Before the game starts, the possession arrow is turned off. Once the ball is tipped, the team that did not win the tip is awarded the possession arrow and receives the ball if an alternating possession situation occurs. If two opposing players gain control of the ball at the same time before the arrow can be set to start the game, those two players do another jump to determine possession. If one team commits a violation during the jump ball, such as hitting the ball out of bounds or committing a foul, the other team is awarded the ball and the offending team receives the possession arrow.

Between Quarters and at Halftime

A high school basketball game is four eight-minute quarters and the possession arrow is used to determine who receives the ball at the start of each quarter after the first one. In college basketball, the game is two 20-minute halves and the possession arrow determines which team receives the ball after halftime. The arrow is switched after the ball is in-bounded in all of these situations. In both college and high school, another jump ball starts the overtime period.

When It's Not Switched

If the opposing team commits a foul or violation during a team's alternating possession throw-in, the arrow is not switched after the ball is in-bounded. For example, if the home team receives the ball for an alternating possession throw-in due to a held ball, and the visiting team commits a foul before the ball is in-bounded, the home team would receive the ball out of bounds again for a throw-in, but the arrow would not be switched once the ball is in-bounded because the throw-in is now a result of a violation.
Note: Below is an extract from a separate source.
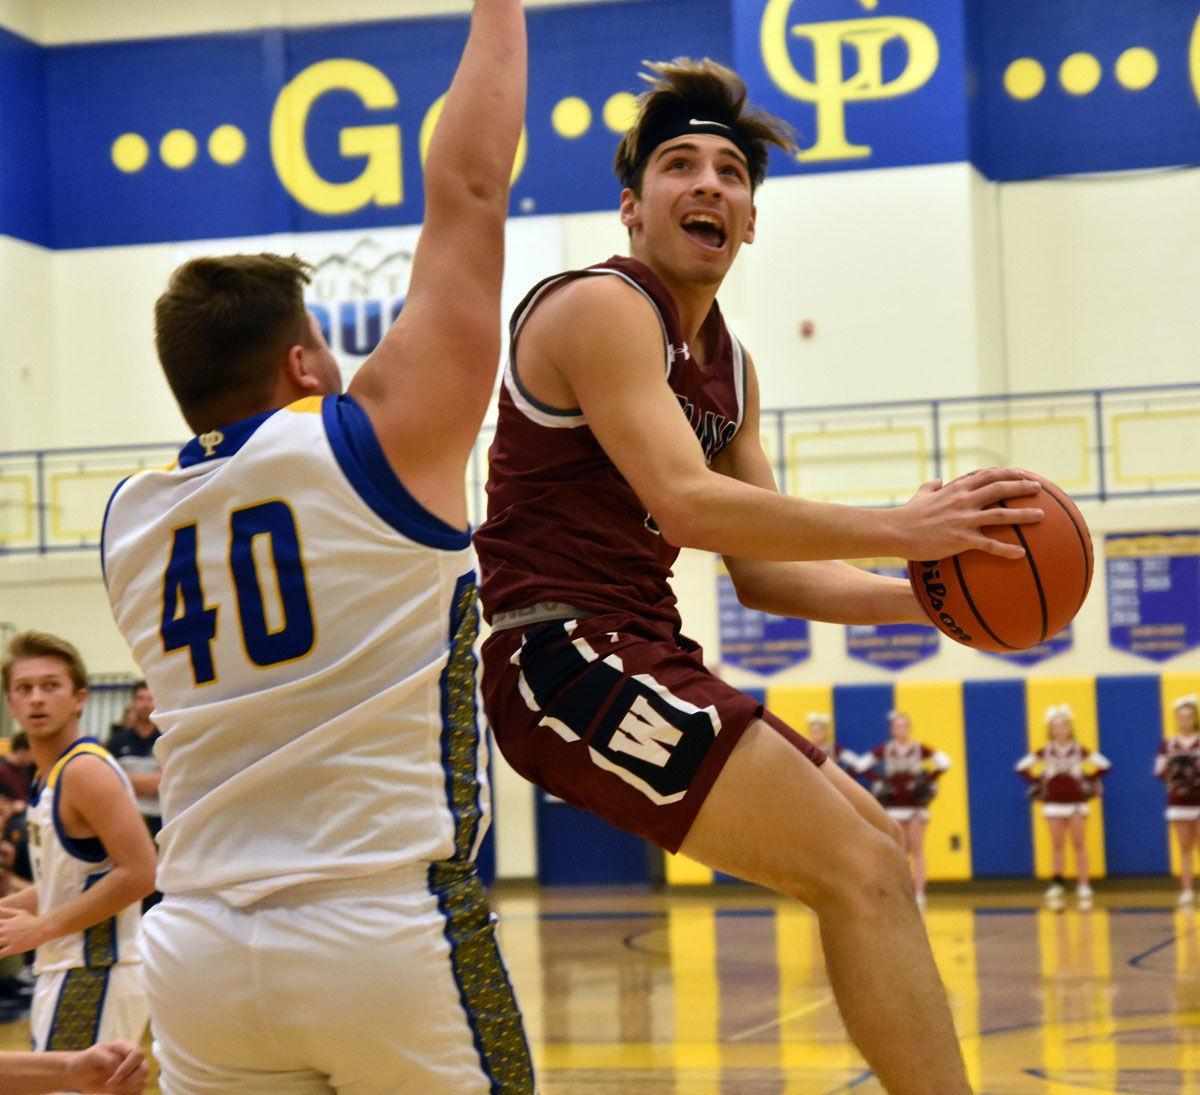 Morristown West overcomes foul troubles to defeat Gatlinburg-Pittman

Alternating Possession Procedure

The alternating possession procedure establishes a fair way to determine which team gets the ball in unusual situations when both or neither team has possession of the ball. The held ball is a frequent example of when the alternating possession arrow determines which team gets the ball. If two players simultaneously hit the ball out of bounds or if the officials cannot determine which team last touched the ball before it went out of bounds, the possession arrow determines which team gets the ball for the throw-in. The arrow is also used when two opponents commit simultaneous goaltending, or basket interference, violations.